Armistead recounted how she and her mother heard the scanner traffic that night. Some family friends came over to stay with her and her sisters while her mother rushed to the hospital. Later, Sarah Froemsdorf returned with her husband's best friend.
"My mom told us that our dad would not come home again," she said. "Within 15 minutes it was on the news. The car was everywhere; the camera zeroed in on the car and the license plate. The hardest part was the reality."
Then came the funeral, where Armistead learned how many people would miss her father too.
"There was a man in Perryville my dad had arrested many times," she said. "He was into drugs, things like that. He walked in and went up to my dad's casket and saluted. He turned and nodded to my mother; he was crying. It was very touching."
Then there was the trial, and then the family had to move on.
Armistead went to the University of Missouri for two years, then came back and finished her undergraduate work at Southeast Missouri State University. While attending Southeast, she worked at the Cottonwood Treatment Center in Cape Girardeau.
'Another whole side'
"That's where I think she saw another whole side," Froemsdorf said. "That not all criminals know right from wrong. A lot of times they're born into it because of abuse. At that point she realized she needed to know both sides of the story."
It's also where she met her husband Joe Armistead of Sullivan, Mo. Her mother said that working at Cottonwood spurred Armistead to go on to law school. Law school was interrupted by the birth of their daughter, Savannah, now 3.

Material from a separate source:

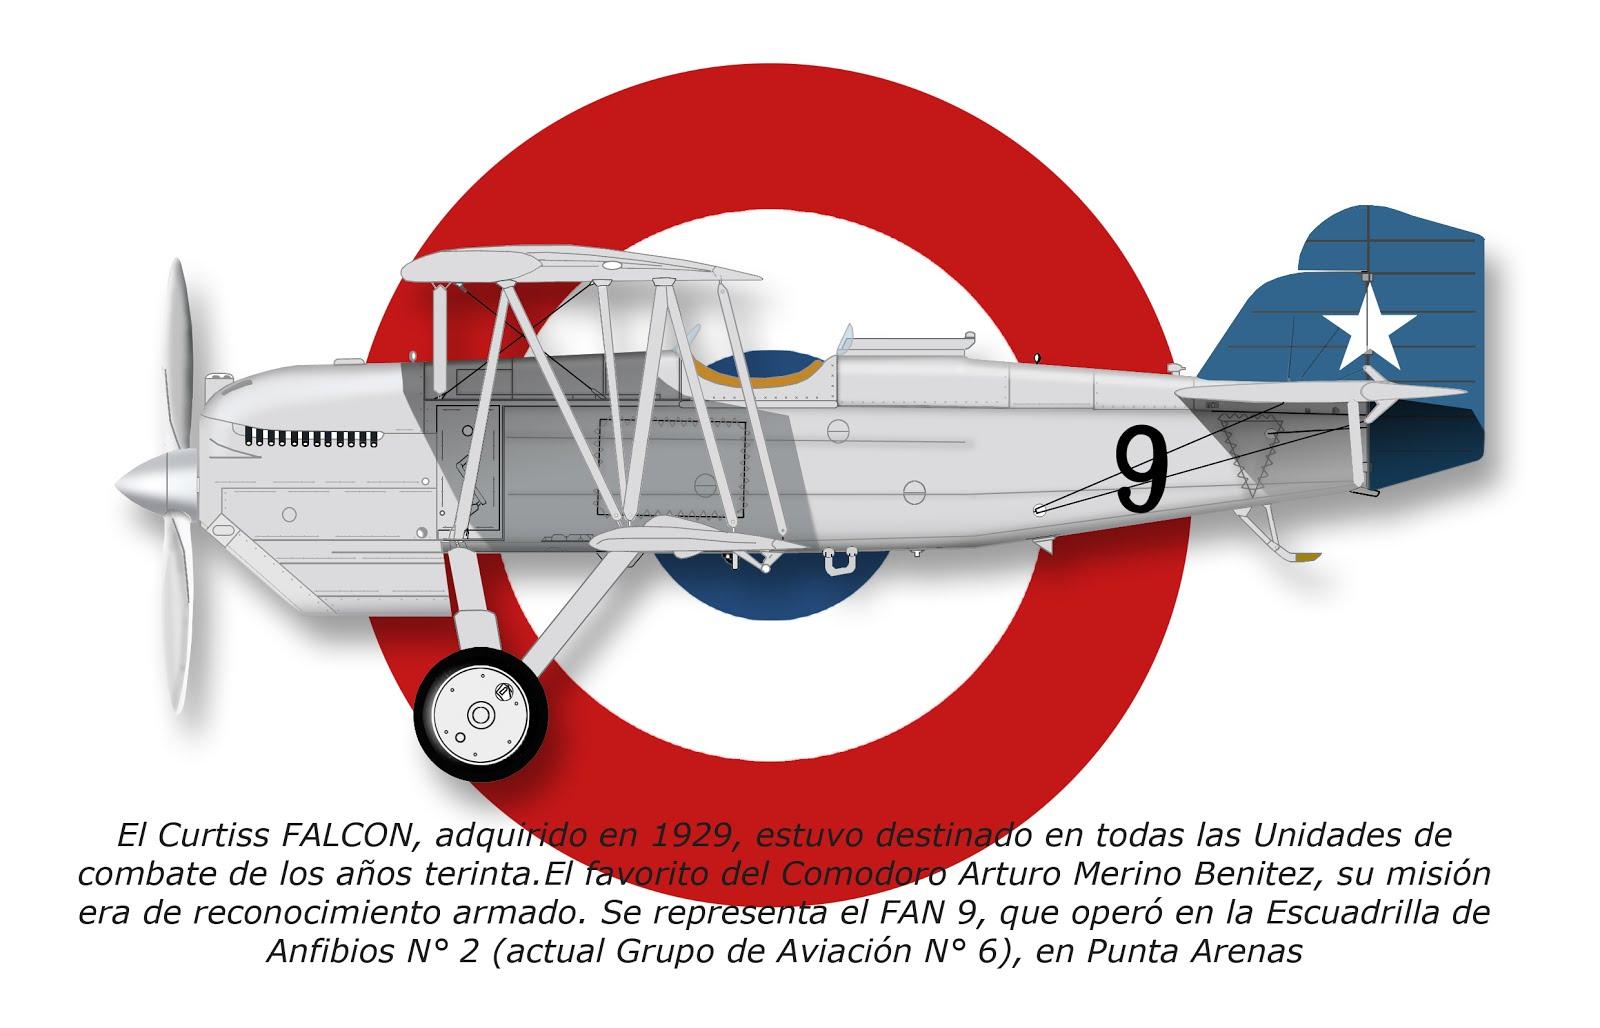 FALCON 9, Escuadrilla de Anfibios N° 2

On July 11, 2001, Jerome Mallett was executed for killing James Froemsdorf. Armistead said that after seeing how hard Finnical worked to prosecute Mallett, she decided that she didn't really care if he was executed. It was enough to see Finnical's effort on behalf of her family. She thought about going to the execution for more than a month, she said. She had just given birth and she wanted to move on, not think about Jerome Mallett and how her father died.
"My mother decided to go and I decided I should be there for her," Armistead said. "I am very glad I went, not to see him die, but before he died he looked at my sisters and my mom and said he was sorry. It was complete closure for me at that moment for him to acknowledge us and realize that he had hurt more lives than just my dad's, and to apologize. At that moment it was over for me."
Her mother said she is not sure Armistead has forgiven Mallett, "but she has learned there are other sides to criminals. She is a little more objective now than back then."
While in law school Armistead worked as an intern for Cape Girardeau County prosecuting attorney Morley Swingle.
"I always knew she had tremendous empathy in working with crime victims," Swingle said. "It is easy to understand why."
Armistead graduated from law school in May, studied nonstop for six weeks then took the bar and passed it on the first try in July. In September, she was sworn in by Judge Richard Webber, the judge who presided over Mallett's trial.
Now she's trying to find a job. She said she'd like to draw on her own experience and on what she learned working at Cottonwood and work in some capacity as a child advocate or work in juvenile court. She still wants to be a prosecutor. Her plans now must coincide with her husband's -- he is a state trooper working in Boone County. Her plans also include another child due next spring. It's been a long journey, but a successful one.
"Needless to say," Sarah Froemsdorf said, "this kid has come a long hard way."